Pentagon Prosecutors Seek Trial of 3 Guantánamo Prisoners for Indonesia Bombings

The idea was to get Mr. Zubair, whose name is Mohd Farik Bin Amin, to testify against Mr. Hambali and another Malaysian, Mohammed Nazir Bin Lep, who is often called Lillie, in exchange for an arrangement to serve his military commissions sentence in a Malaysian prison.

The Malaysians balked and military prosecutors brought charges against Mr. Hambali alone in June 2017. But the office overseeing military commissions never cleared that case for trial. Six months later, prosecutors brought new charges against Mr. Hambali and the two Malaysians. That case was also never approved.

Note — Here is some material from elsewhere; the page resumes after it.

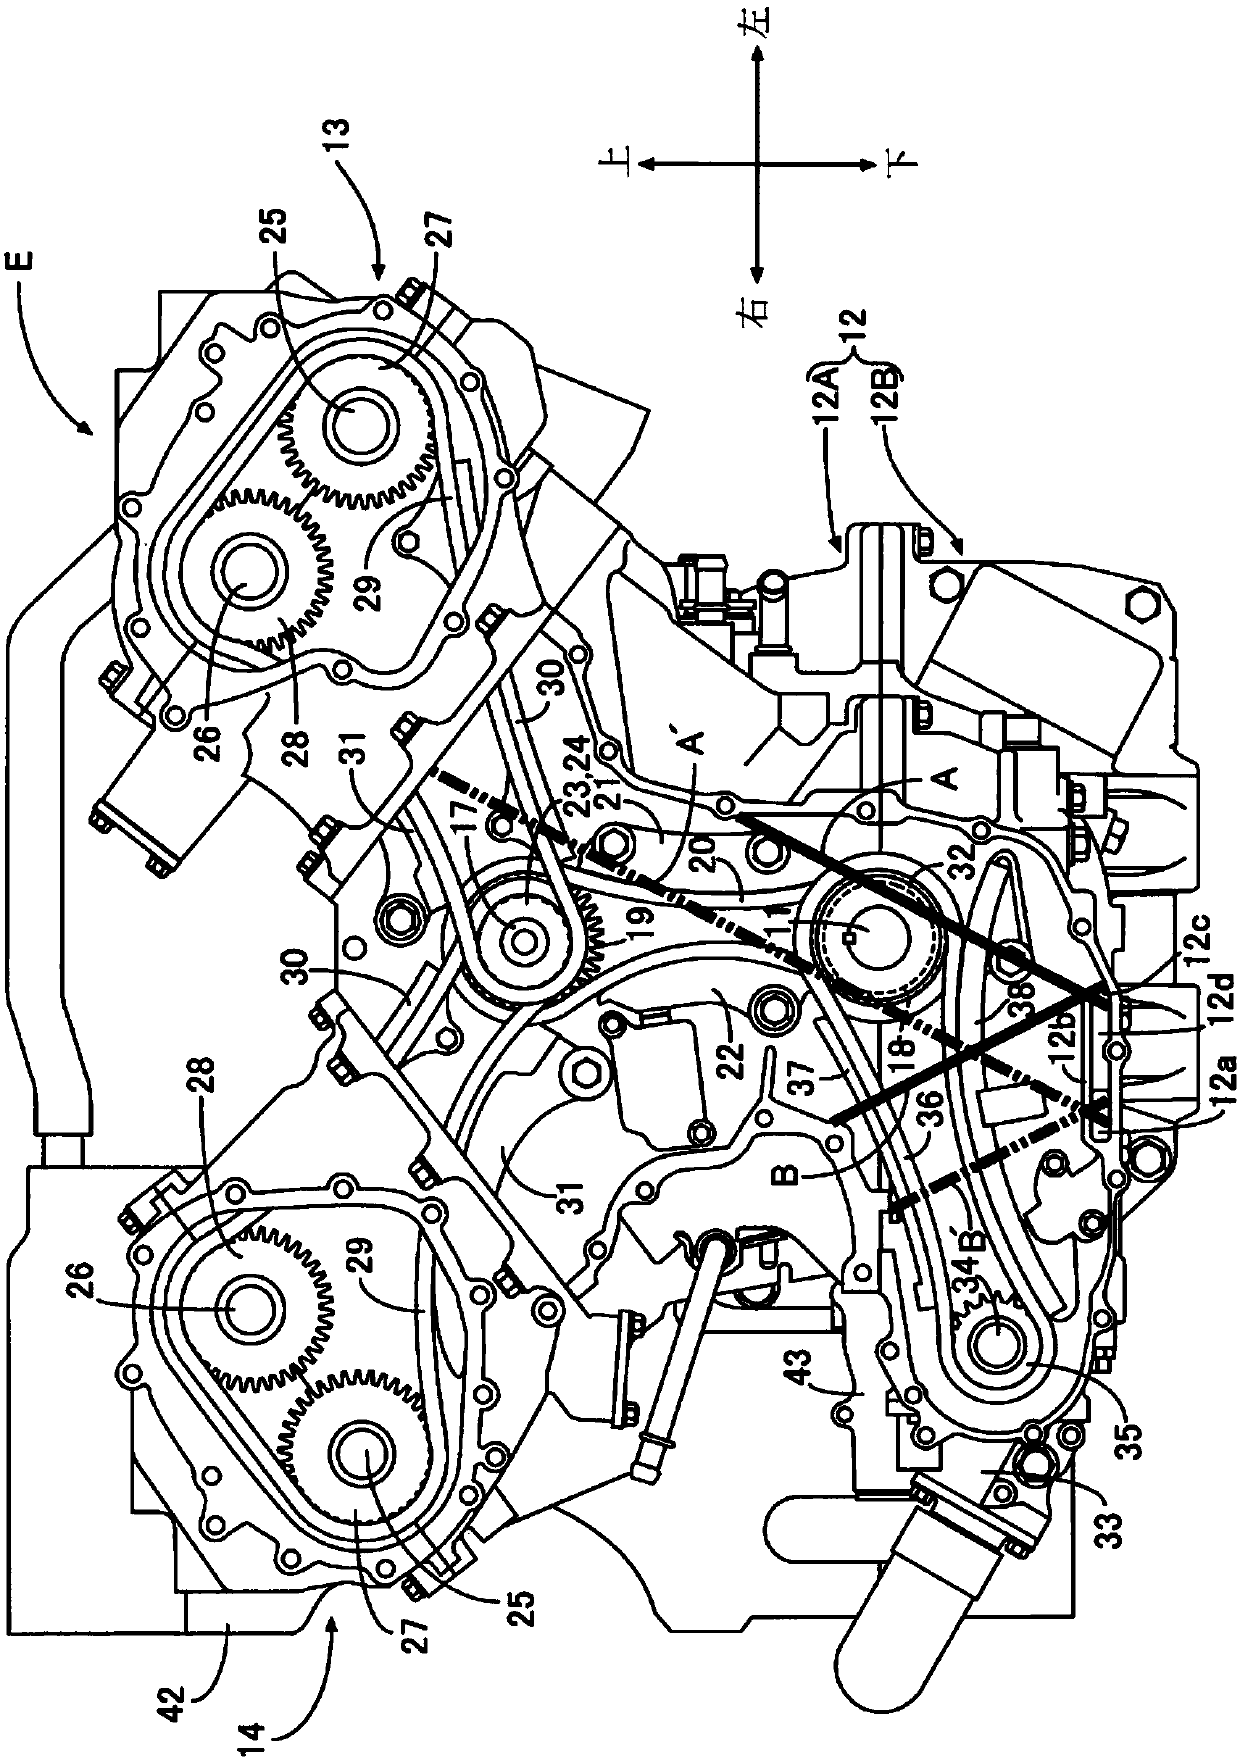 Cover parts for internal combustion engines

The spokesman for the Office of Military Commissions, Ron Flesvig, was unable to say Wednesday why the prosecutor issued new charges. The Pentagon lawyer with the title of convening authority for military commissions, Melinda L. Perritano, can decide which charges, if any, to approve for trial, Mr. Flesvig said.

The latest charge sheet differs from those brought by prosecutors in December 2017 in one critical respect: It includes the crime of conspiracy in addition to charges of murder in violation of the law of war, terrorism and other war crimes. In a long-running series of appeals, the Pentagon’s Court of Military Commission Review recently declined to consider whether conspiracy was a lawful war crimes charge, leaving intact the 2008 conspiracy conviction of Guantánamo’s lone war crimes convict, Ali Hamza al-Bahlul.

Mr. Bahlul, from Yemen, is serving a life sentence at Guantánamo for making a recruiting video for Al Qaeda and for other activities as Osama bin Laden’s media adviser before the Sept. 11, 2001 terrorist attacks. Mr. Bahlul’s lawyers are appealing that decision at the United States Court of Appeals for the District of Columbia, but prosecutors appear to have been emboldened enough by the Pentagon panel decision to add the charge of conspiracy to the Indonesian bombings case.

Eight of Guantánamo’s 40 prisoners are currently charged with crimes.

In 2012, one of them, Majid Khan, a former C.I.A. black site prisoner, pleaded guilty to delivering $50,000 from Al Qaeda to Jemaah Islamiyah, money that was ultimately used to fund the Marriott bombing in Jakarta, Indonesia. Mr. Khan is scheduled to be sentenced in July.

In a March court filing, his lawyers noted, “Mr. Khan’s ongoing cooperation in another matter, including his possible testimony at trial in that matter.” They did not specify which trial.